Exercise goal:
Below are the entries to work from; restate word for word the portion that opens with the line containing "планшет Samsung Galaxy" and closes with the line containing "Day Mid GTX W Walking Shoe", keeping both.

[Provided records Boundary: Start]

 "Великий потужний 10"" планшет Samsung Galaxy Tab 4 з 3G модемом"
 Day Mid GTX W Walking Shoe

[Provided records Boundary: End]
[Provided records Boundary: Start]

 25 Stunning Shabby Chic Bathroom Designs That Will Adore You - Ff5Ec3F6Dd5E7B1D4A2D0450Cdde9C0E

[Provided records Boundary: End]

Answer section:
 "Великий потужний 10"" планшет Samsung Galaxy Tab 4 з 3G модемом"
 Day Mid GTX W Walking Shoe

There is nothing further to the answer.